_MATERIAL FOR THE TASK_.

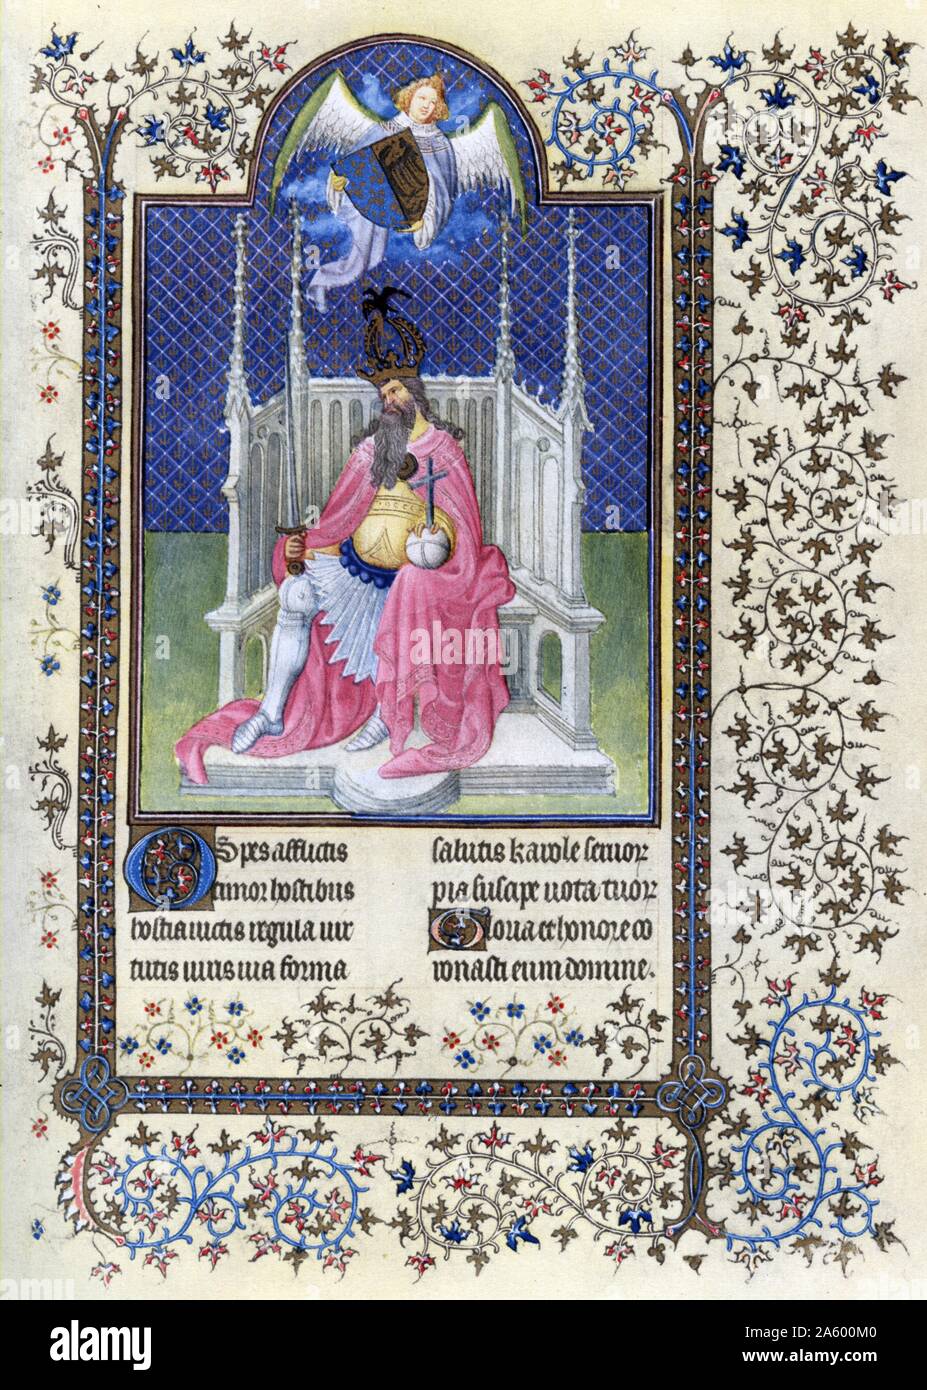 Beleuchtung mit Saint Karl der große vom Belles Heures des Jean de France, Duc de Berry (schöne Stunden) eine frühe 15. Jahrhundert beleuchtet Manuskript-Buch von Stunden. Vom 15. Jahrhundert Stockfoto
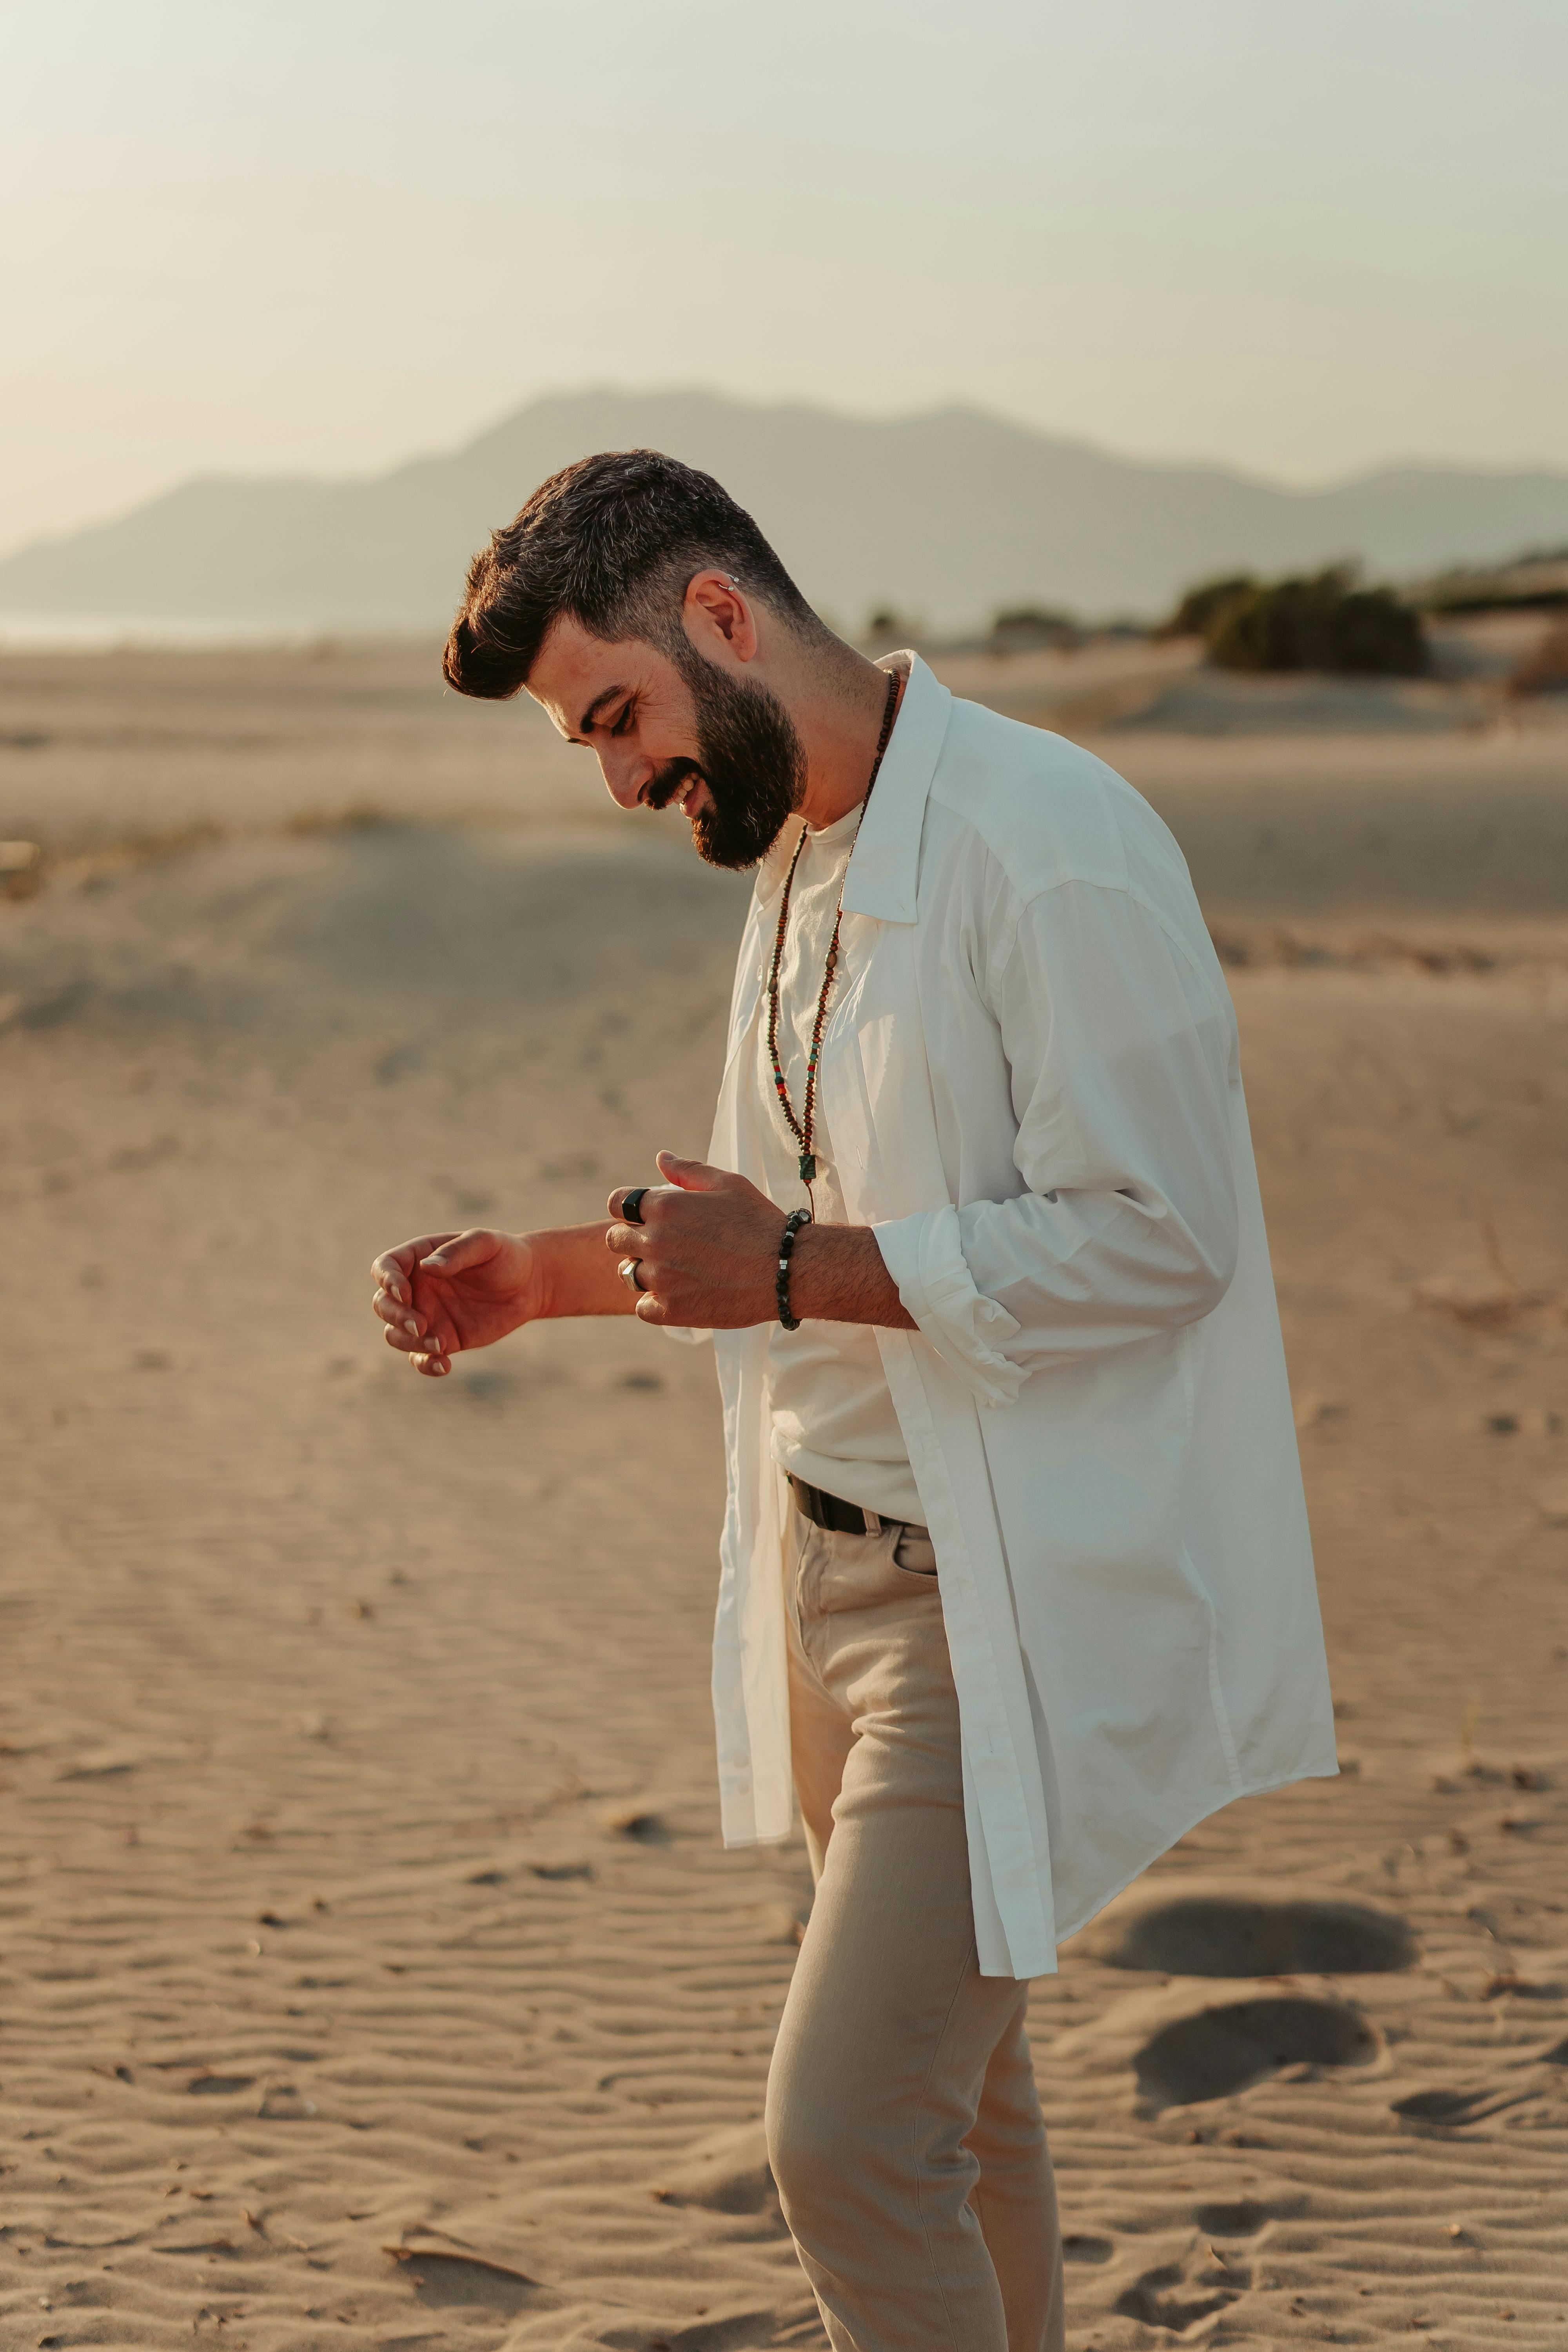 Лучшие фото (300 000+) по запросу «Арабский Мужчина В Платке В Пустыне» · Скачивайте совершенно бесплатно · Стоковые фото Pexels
* * *
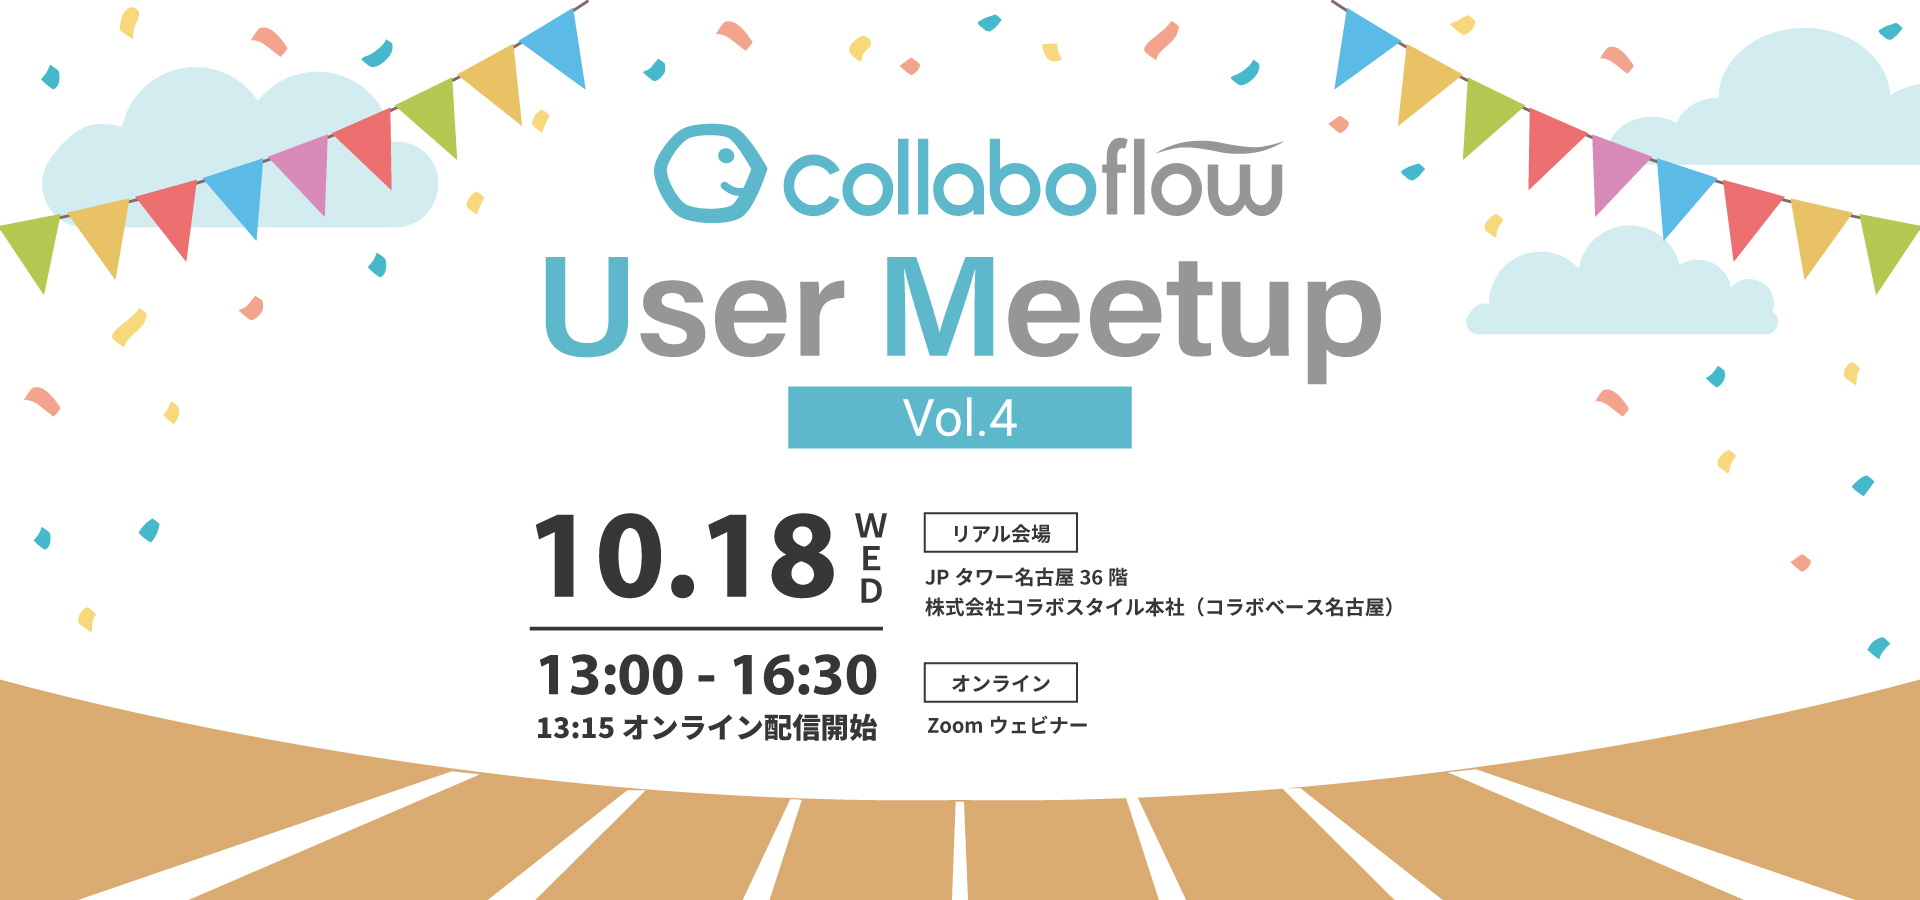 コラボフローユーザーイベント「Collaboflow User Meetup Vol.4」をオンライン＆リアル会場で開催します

_YOUR GOAL_. Whatever pictures the records hold, omit them; give again exactly the lines from the one containing "Beleuchtung mit Saint" through the one containing "Лучшие фото (300".

_TASK SOLUTION_.
 Beleuchtung mit Saint Karl der große vom Belles Heures des Jean de France, Duc de Berry (schöne Stunden) eine frühe 15. Jahrhundert beleuchtet Manuskript-Buch von Stunden. Vom 15. Jahrhundert Stockfoto
 Лучшие фото (300 000+) по запросу «Арабский Мужчина В Платке В Пустыне» · Скачивайте совершенно бесплатно · Стоковые фото Pexels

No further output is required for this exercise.